Community Articles

Find and share helpful community-sourced technical articles.
Labels (1)
avatar
Contributor

Background:

In NiFI, the PutSQL Processor is unable to perform the batch inserts although a batch size had been configured in the processor. There is a commit for each insert because the content of each FlowFile is a unique SQL statement.

Lets take an example workflow,

CSV file -> 50 lines (name, jobtitle) -> 50 flow files

For each line, PutSQL processor (batchsize-10) is invoked. Because each flow file is unique in its content, 50 commits are performed.

Line1 -> Flowfile#1

Insert into Employee (name, job title) VALUES ('Bryan B','Director')

Line2 -> Flowfile#2

Insert into Employee (name, job title) VALUES ('Joe W','CTO')
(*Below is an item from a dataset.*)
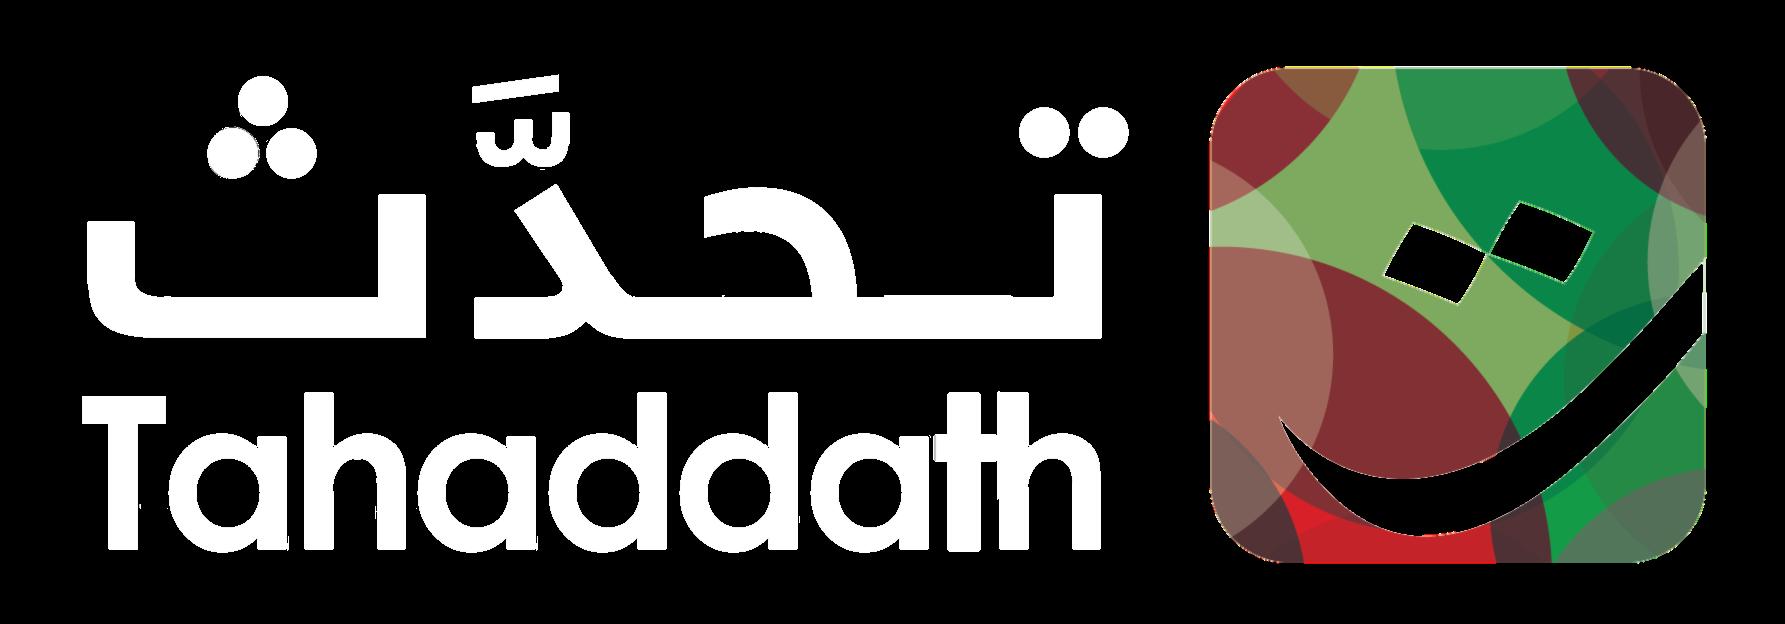 TAHADDATH

The PutSQL processor batches FlowFiles by matching SQL statements. To match SQL statements with unique inserts, you must configure the dataflow so that the SQL statements make use of the "?" to escape parameters. In this case, the parameters to use must exist as FlowFile attributes with the naming convention sql.args.N.type and sql.args.N.value, where N is a positive integer. The sql.args.N.type is expected to be a number indicating the JDBC Types.

Objective:

If we can invoke PutSQL processor with same Insert statement like below, PutSQL processor will use batch size parameter correctly finally resulting in 5 commits (instead of 50).

3 Steps:

Use Extract Text Processor to create sql.args.N.value Flow file attributes

sql.args.1.value = Bryan B
sql.args.2.value = Director

Use Update Attribute Processor to set sql.args.N.type Flow file attributes

sql.args.1.type = 12 (VARCHAR)
sql.args.2.type = 12 

Finally, use ReplaceText Processor to build the identical insert statements

Insert into Employee ("name", "job title") VALUES (?,?)

Final Outcome:

By following the above, every single FlowFile will have the exact same insert statement and will be properly batched based on the batch size property in the processor. A single commit will be issued followed by the insert of all batched FlowFiles.

17,467 Views
Comments

I found the instructions for setting sql.args.N.type setting confusing. You can find the types and corresponding code values in the Java API docs. Here is a link to the corresponding Java 8 documentation.

Why "PutSQL Processor is unable to perform the batch inserts although a batch size had been configured in the processor."??

Why isn't it just changed to allow SQL statements that are not identical be batched, instead of having to do it this way?

Of course SQL statements will almost certainly be different from one another!

Sounds like a bug in the processor...

I think this post is based on an erroneous assumption that SQL statements need to be identical to be batched by the PutSQL processor.

Perhaps the misunderstanding was because Support Fragmented Transactions was set to true (the default) which will fragment the batch unless you are using fragment.identifier to correctly identify your batches.

https://nifi.apache.org/docs/nifi-docs/components/org.apache.nifi/nifi-standard-nar/1.5.0/org.apache...

How did you do it in nifi? Do you have screenshot on how did you do it?